WHAT THE TASK REQUIRES:
Only the lines from the one with "April 2024 Calendar With Holidays A4004" through the end of the material are wanted, copied exactly and with the pictures left out.

INFORMATION SUPPLIED:
════════════════

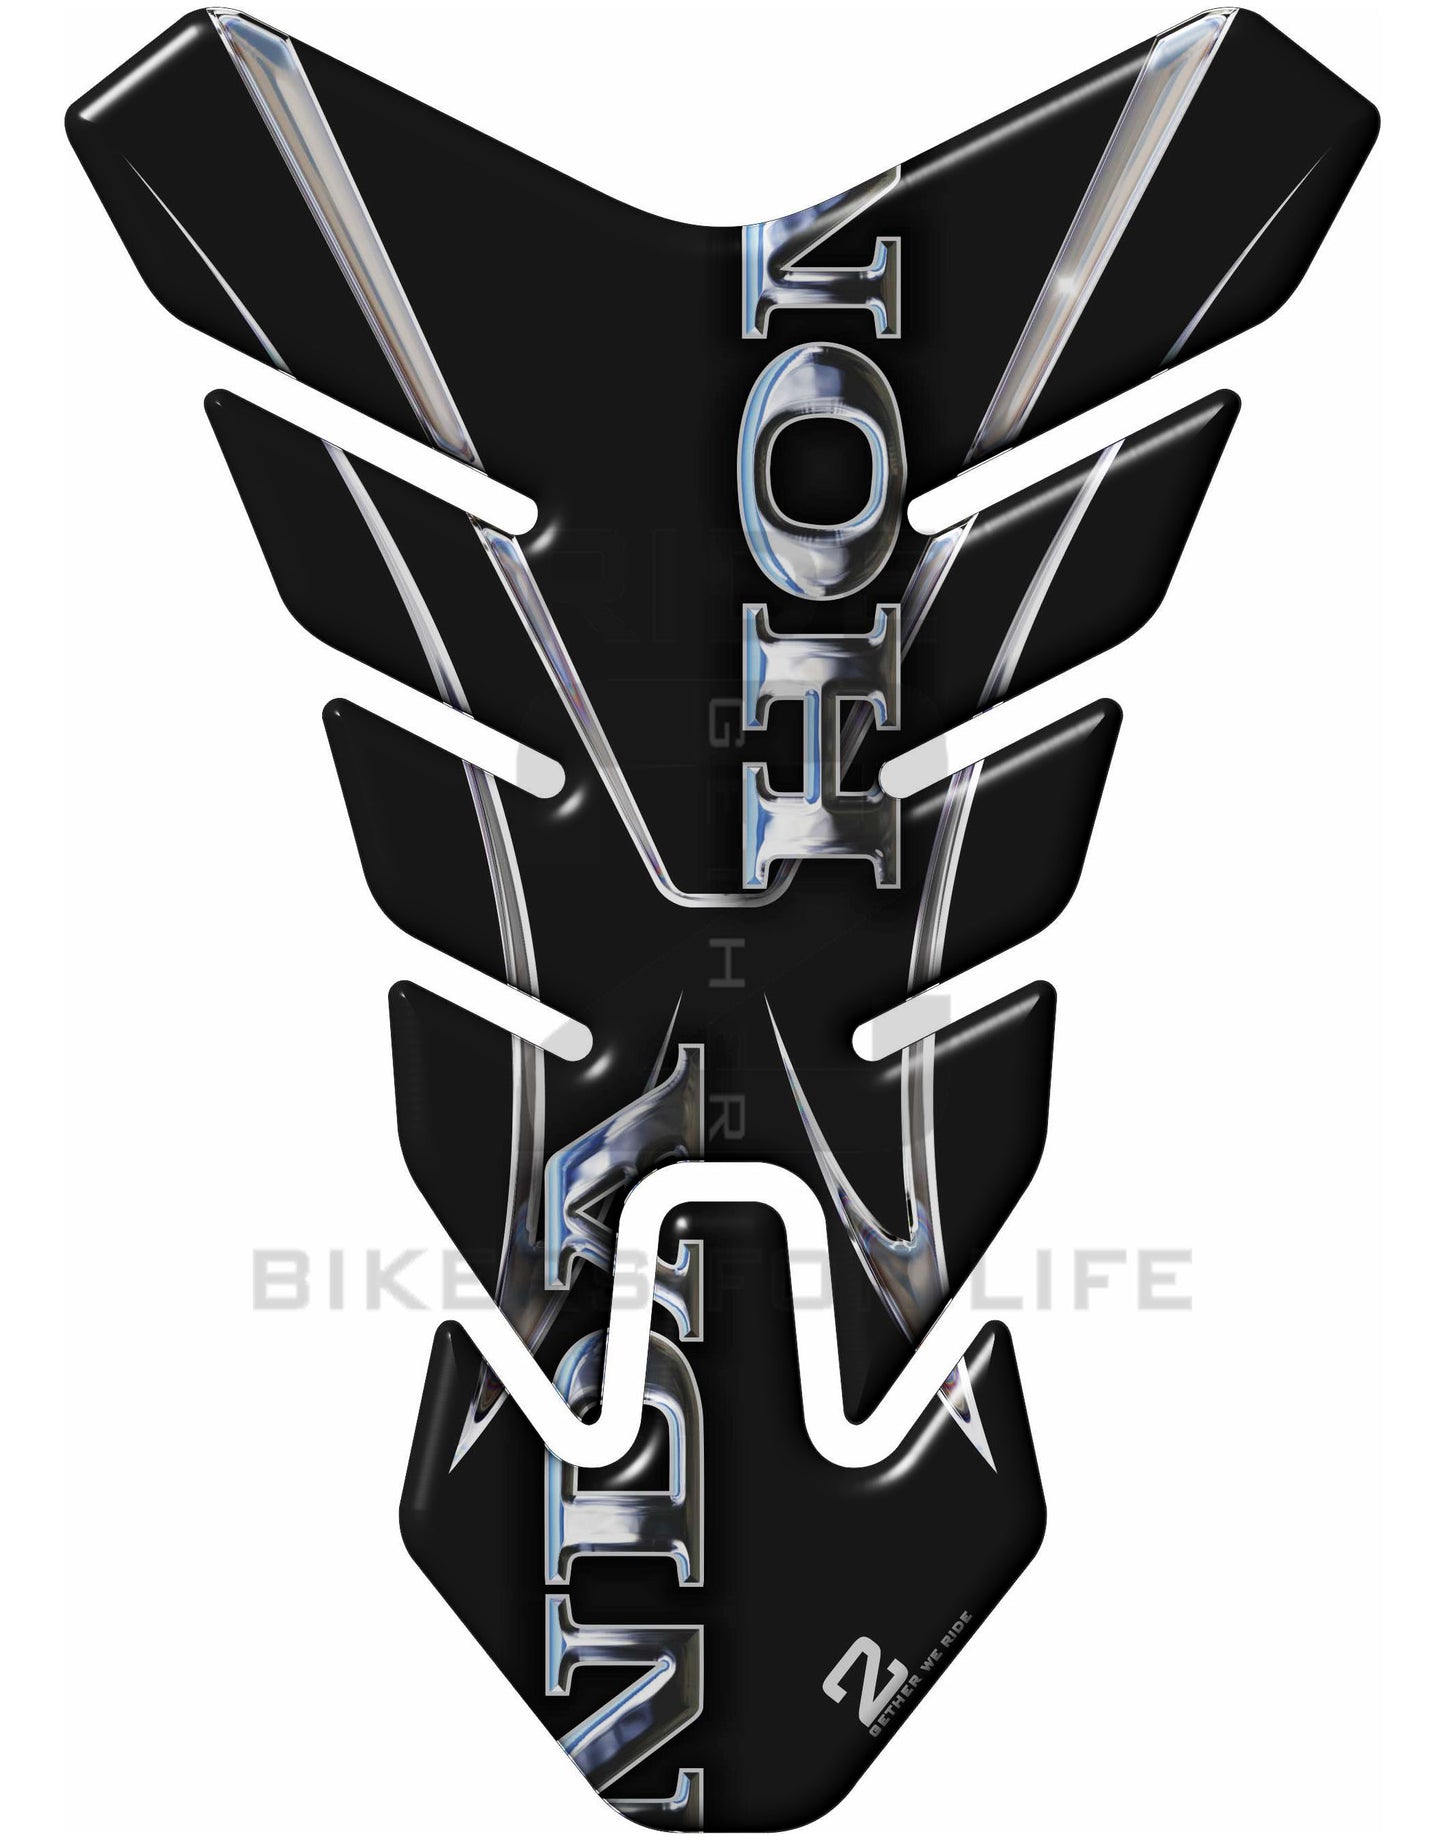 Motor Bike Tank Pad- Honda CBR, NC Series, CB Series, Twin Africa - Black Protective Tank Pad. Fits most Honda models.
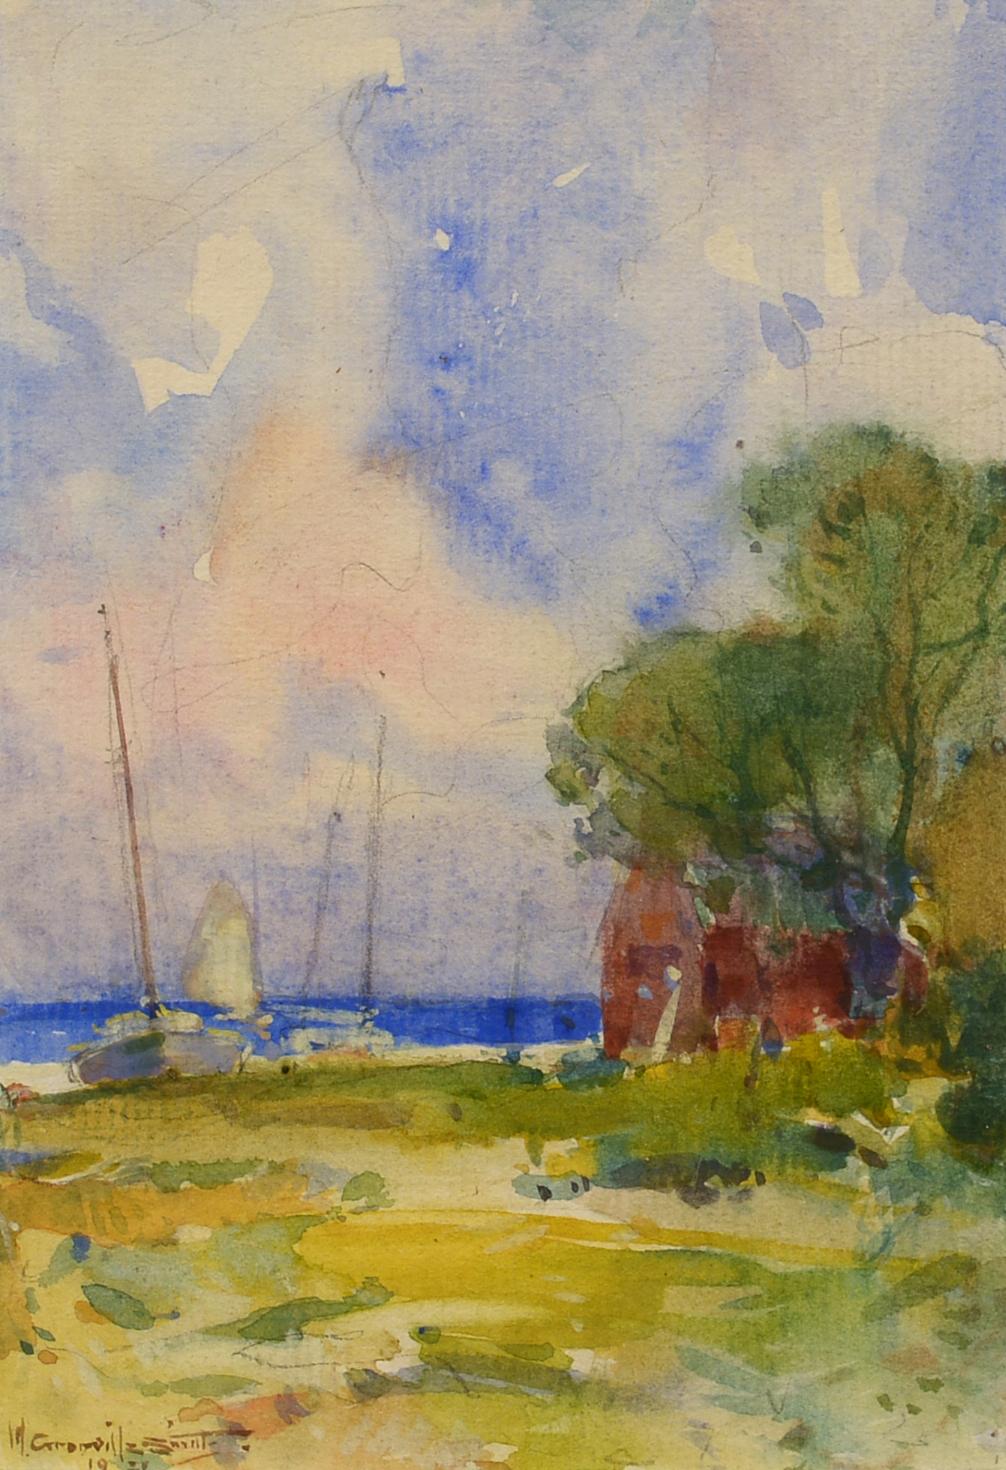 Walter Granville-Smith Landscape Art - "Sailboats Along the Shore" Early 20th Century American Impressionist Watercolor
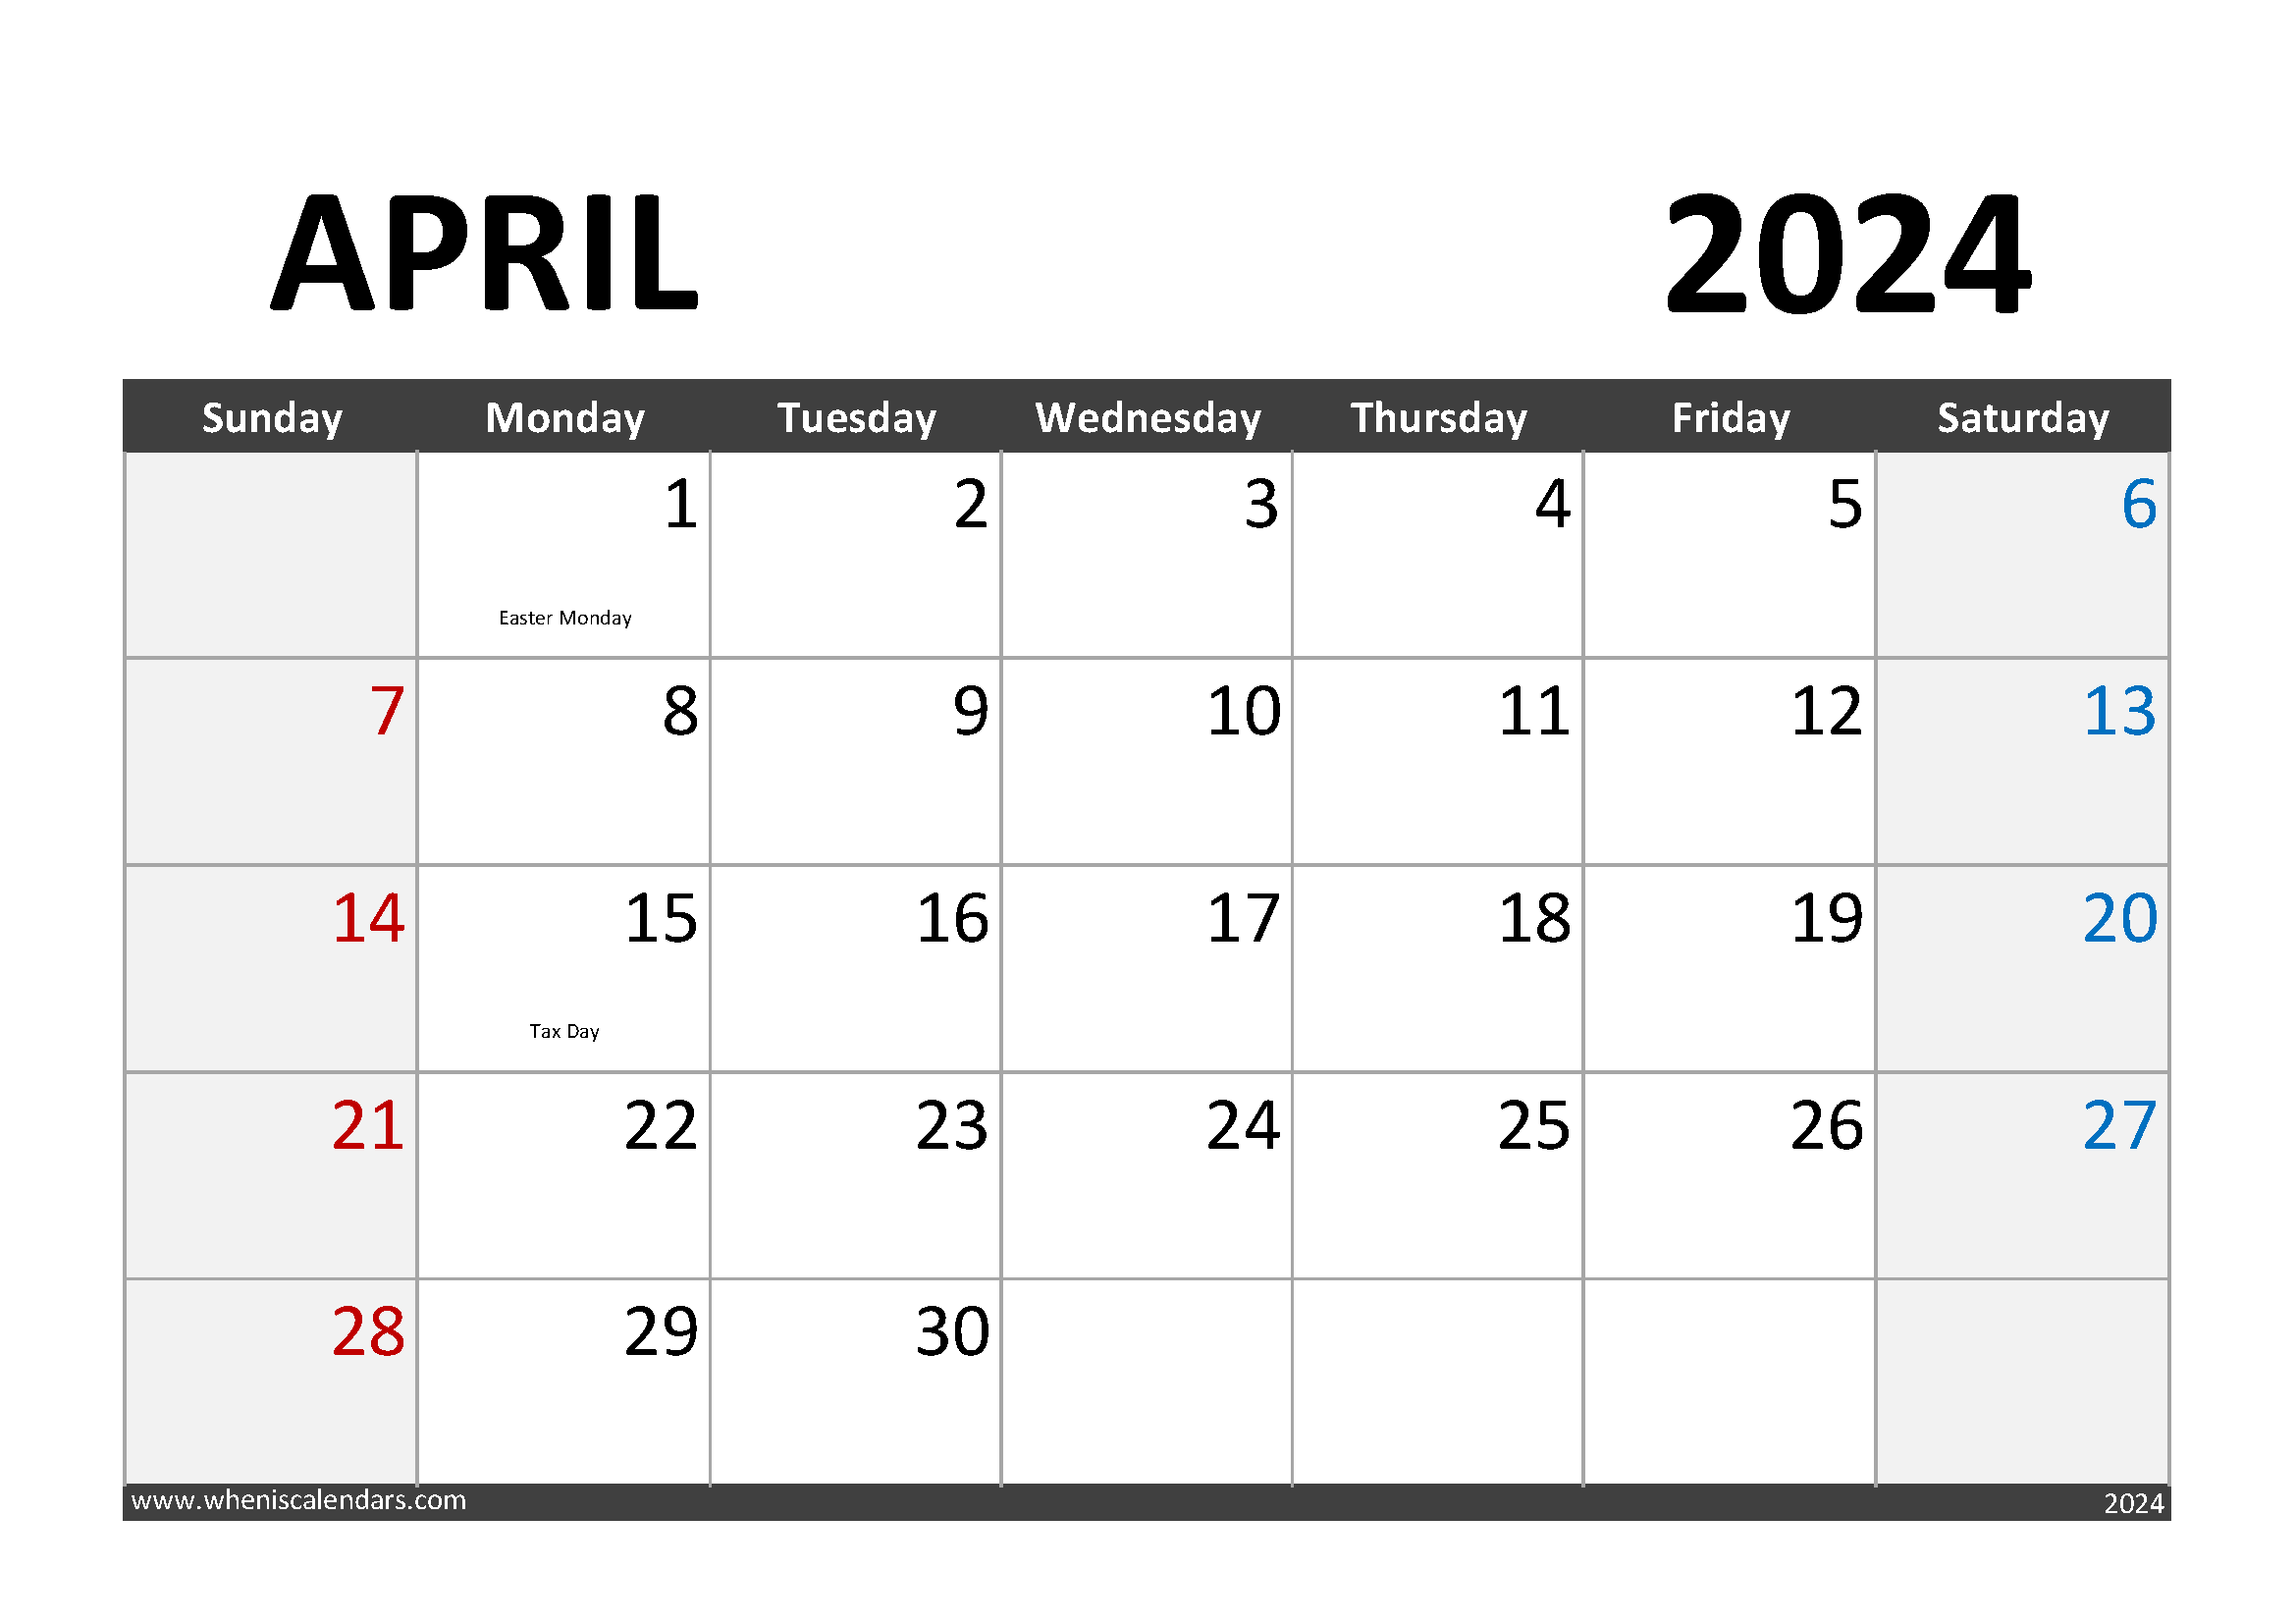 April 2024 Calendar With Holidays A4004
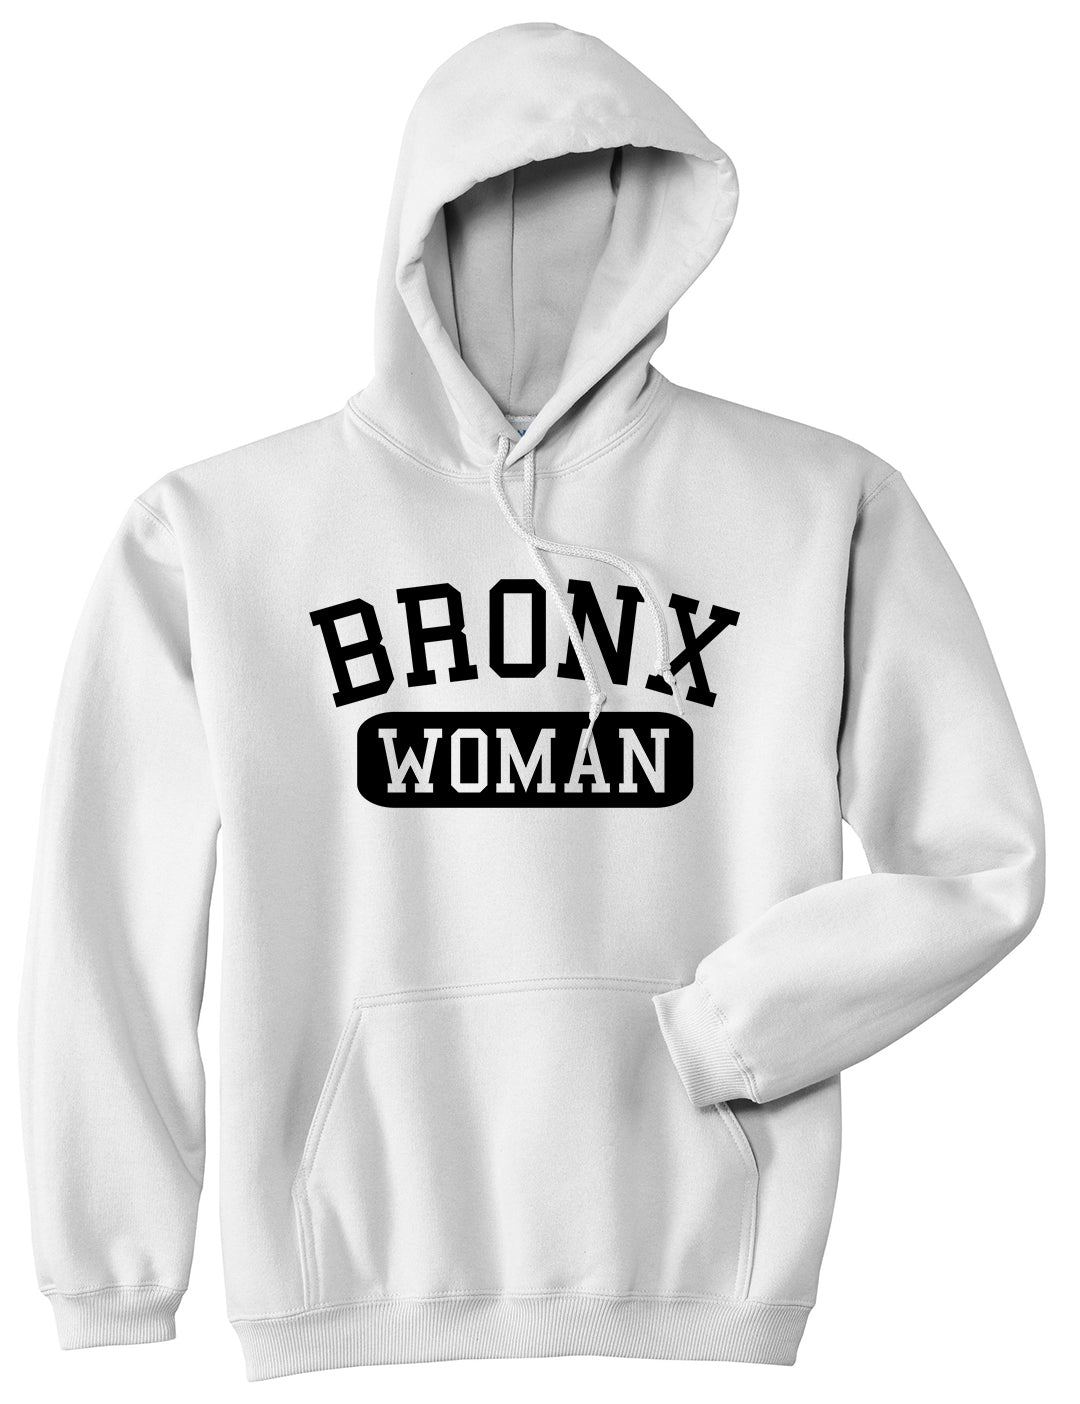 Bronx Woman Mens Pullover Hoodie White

════════════════

REPLY:
 April 2024 Calendar With Holidays A4004
 Bronx Woman Mens Pullover Hoodie White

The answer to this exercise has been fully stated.